La acción transcurre en Carolina del Norte, exactamente en la fina y arqueada lengua de tierra repleta de parques naturales que abraza el estado por sus límites nororientales. Los protagonistas son un muchacho abandonado por sus padres y residente en un asilo de ancianos y un joven de carácter noble pero empujado por la vida a huir de la justicia. Ambos emprenderán un camino de autoconocimiento y maduración. No voy a contar más por si va a verla. Reirá, derramará alguna lagrima de emoción —la mascarilla es un incordio para llorar pero no hay más remedio que llevarla— y saldrá del cine pletórico y con ilusión en la posibilidad de otra vida. Los actores principales, Zack Gottsagen, Shia LaBeouf y Dakota Johnson, contribuyen con su excelente trabajo a la magia de la película.

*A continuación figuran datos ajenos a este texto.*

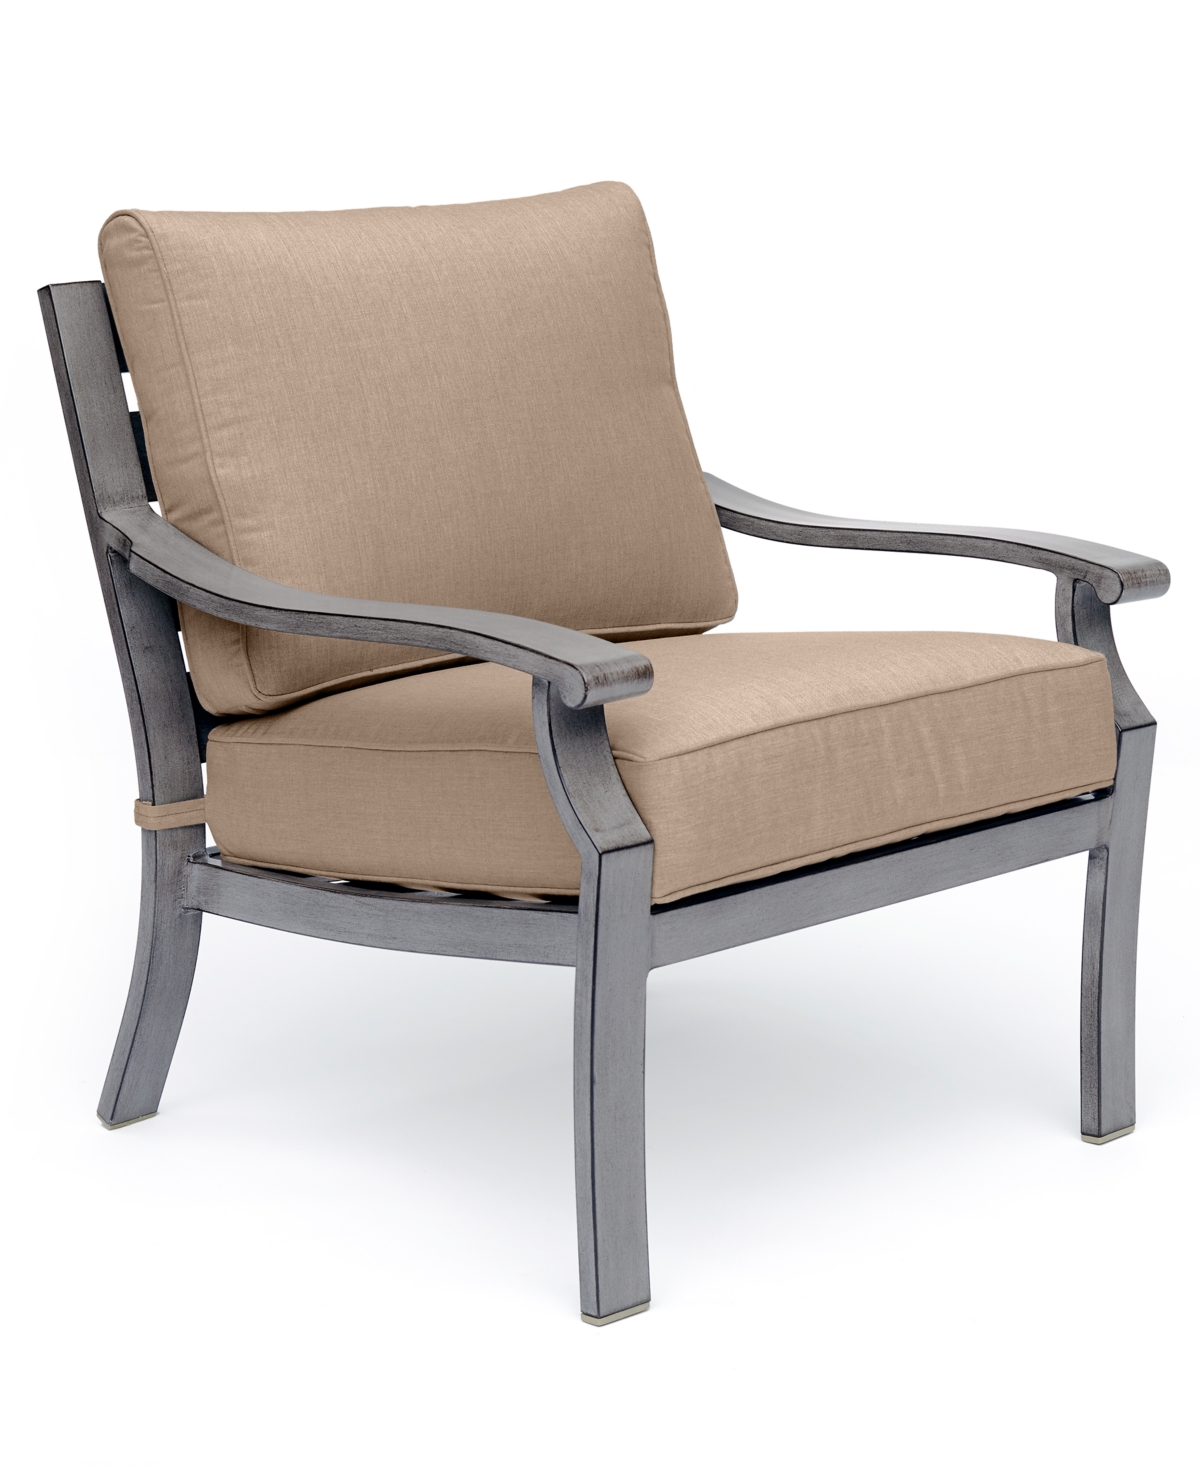 Agio Tara Aluminum Outdoor Club Chair, Created For Macy's In Outdura Remy Pebble

The Peanut Butter Falcon (EEUU, 2019). Dirigida por Tyler Nilson y Mike Schwartz.

domingo, 19 de julio de 2020

El doble, de Fiódor Dostoyevski


Fotografía del autor (trabalibros.com)

            El tema de la percepción distinta de la realidad atrajo al gran novelista Fiódor Dostoyevski (1821-1881), él mismo, posiblemente, víctima de percepciones alteradas. En este caso se trata de un desdoblamiento del mismo individuo pero no propiamente de esquizofrenia sino de una psicosis que cursa con alucinaciones sensoriales. El protagonista, Yákov Petróvich Goliadkin, funcionario de la administración zarista en un puesto menor, proyectará en un individuo inexistente las facetas de su personalidad inasumibles por su parte, digamos, correcta, modosa, presentable. Ese doble que él ve, y los lectores ven, que tiene su mismo nombre, su mismo aspecto y su misma dirección, realmente no existe, algo que el lector intuye desde su aparición. Goliadkin delira, sufre, cree que todos conspiran contra él, que ese doble de comportamiento deleznable ha sido creado por sus compañeros de oficina. Goliadkin II, al que percibe y con el que se comunica, es arribista, chabacano, adulador, materialista, mendaz. Goliadkin vive angustiado, y el lector, que lo ve caminar hacia una crisis mental inevitable, comparte su angustia. El protagonista del relato es variable, no posee asertividad ni voluntad propia, cualquiera pude convencerlo de cualquier cosa. El suyo es el retrato perfecto de las debilidades de ciertos enfermos mentales, ante todo sufridores sin causa, y, en su faceta conformista, el anticipo de personajes de Moravia, Kafka, Camus o el austriaco Peter Handke.
La novela, publicada en 1846, no pudo ser correctamente valorada ni comprendida hasta bien entrado el siglo XX.  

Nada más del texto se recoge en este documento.